RUN go build -o main src/main.go
CMD ["/app/main"]

src/main.go

package main

import (
    "context"
    "fmt"
    "log"
    "net/http"
    "os"
    "os/signal"
    "syscall"

    "github.com/gorilla/mux"
)

func main() {
    srv := &http.Server{
        Addr:    ":8080",
        Handler: NewHTTPServer(),
    }

    idleConnsClosed := make(chan struct{})
    go func() {
        sigint := make(chan os.Signal, 1)
        signal.Notify(sigint, os.Interrupt, syscall.SIGTERM, syscall.SIGINT)
        <-sigint

        // We received an interrupt signal, shut down.
        if err := srv.Shutdown(context.Background()); err != nil {
            // Error from closing listeners, or context timeout:
            log.Printf("HTTP server Shutdown: %v", err)
        }

        close(idleConnsClosed)
    }()

    log.Printf("Starting HTTP server")
    running = true
    if err := srv.ListenAndServe(); err != http.ErrServerClosed {
        // Error starting or closing listener:
        log.Fatalf("HTTP server ListenAndServe: %v", err)
    }

    <-idleConnsClosed
}

func NewHTTPServer() http.Handler {
    r := mux.NewRouter()

    // Ping
    r.HandleFunc("/", handler)

    return r
}

func handler(w http.ResponseWriter, r *http.Request) {
    fmt.Fprintf(w, "Hello World!")
}

kubernetes/deployment.yaml

apiVersion: apps/v1
kind: Deployment
metadata:
  labels:
    app: myapp
  name: myapp
spec:
  replicas: 10
  selector:
    matchLabels:
      app: myapp
  strategy:
    rollingUpdate:
      maxSurge: 1
      maxUnavailable: 5
    type: RollingUpdate
  template:
    metadata:
      labels:
        app: myapp
    spec:
      containers:
      - name: myapp
        image: dickster/graceful-shutdown-test:latest
        imagePullPolicy: Never
        ports:
        - containerPort: 8080

kubernetes/service.yaml

apiVersion: v1
kind: Service
metadata:
  labels:
    app: myapp
  name: myapp
spec:
  ports:
  - port: 8080
    protocol: TCP
  selector:
    app: myapp
  sessionAffinity: None
  type: NodePort

Is there something missing in this setup? According to the rollingUpdate strategy, there should be at least five running pods that should serve the incoming requests, but ab exits with an apr_socket_recv: Connection reset by peer (54) error. I also tried adding readiness/liveness probes, but no luck. I suspect they're not needed here, either.

-- dickster
docker
go
http
kubernetes

1 Answer

11/7/2019

For this to work without downtime, you need to have the pods stop receiving new connections while the pod is allowed to gracefully finish handling current connections.
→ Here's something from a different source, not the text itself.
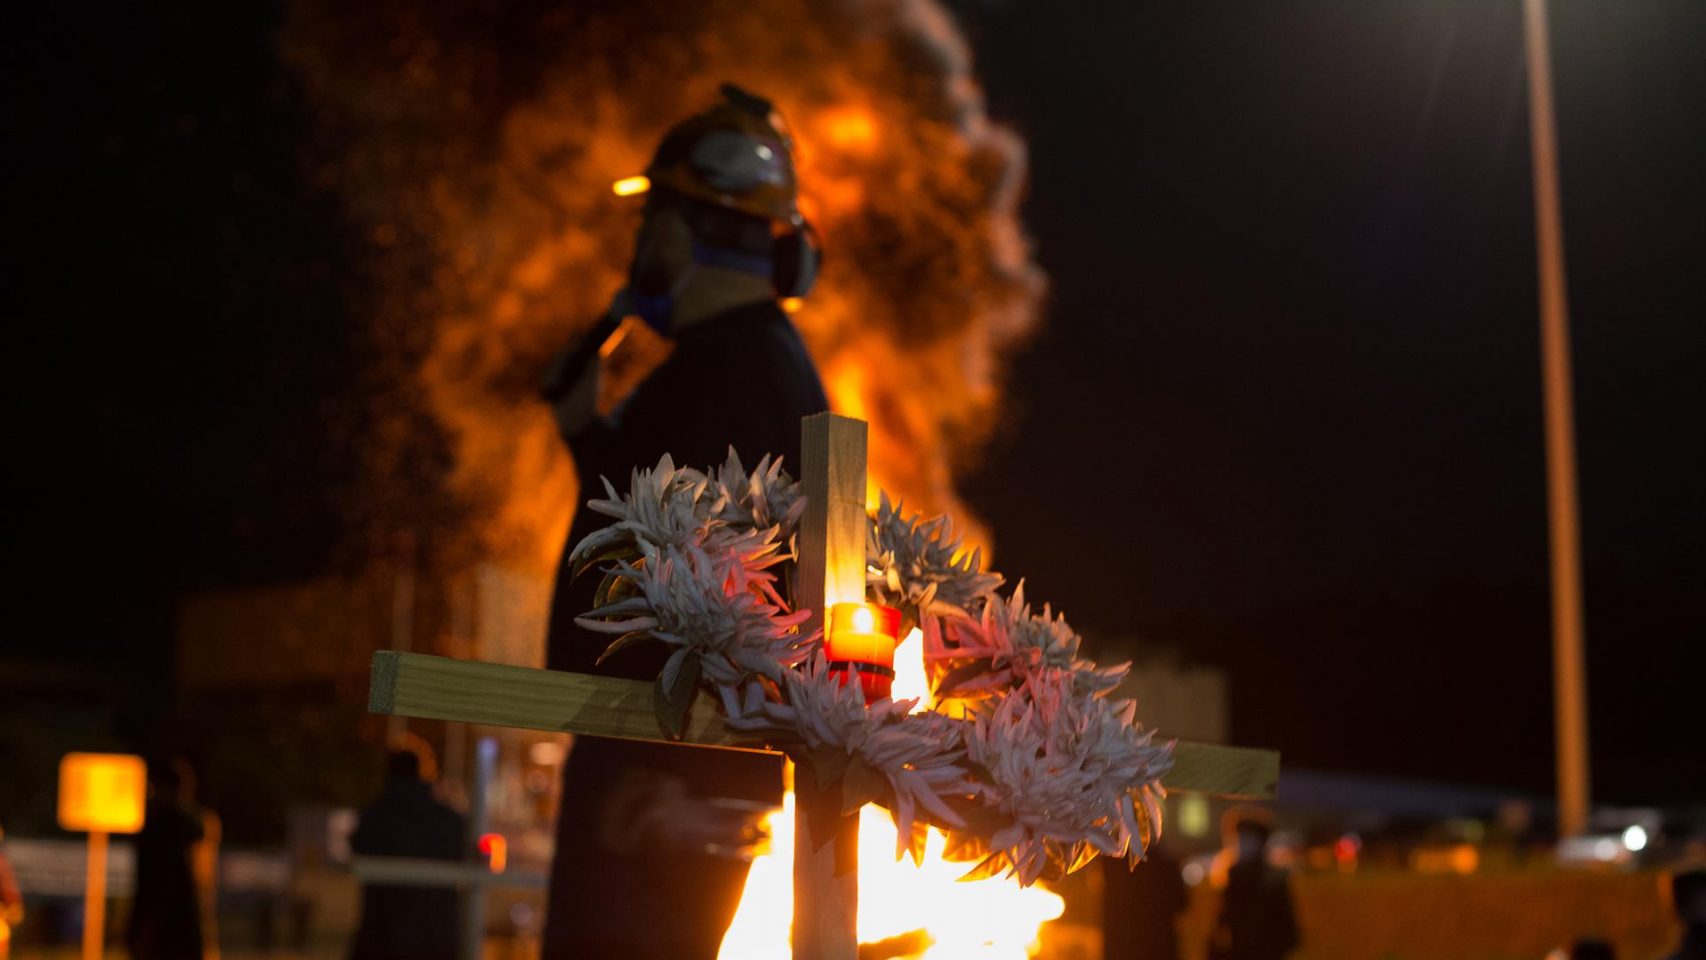 Un trabajador participa en un velatorio nocturno simbólico convocado por la fábrica de Alcoa, en en San Cibrao, A Mariña, Lugo.

This means the pod needs to be running, but not ready so that new requests are not sent to it.

Your service will match all pods using the label selector you configured (I assume app: myapp) and will use any pod in the ready state as a possible backend. The pod is marked as ready as long as it is passing the readinessProbe. Since you have no probe configured, the pod status will default to ready as long as it is running.

Just having a readinessProbe configured will help immensely, but will not provide 100% uptime, that will require some tweaks in your code to cause the readinessProbe to fail (so new requests are not sent) while the container gracefully finishes with current connections.

EDIT: As per @Thomas Jungblut mentioned, a big part of eliminating errors with your webserver is how the application handles SIGTERM. While the pod is in terminating state, it will no longer receive requests through the service. During this phase, your webserver needs to be configured to gracefully complete and terminate connections rather than stop abruptly and terminate requests.

Note that this is configured in the application itself and is not a k8s setting. As long as the webserver gracefully drains the connections and your pod spec includes a gracefulTerminationPeriod long enough to allow the webserver to drain, you should see basically no errors. Although this still won't guarantee 100% uptime, especially when bombarding the service using ab.

-- Patrick W
Source: StackOverflow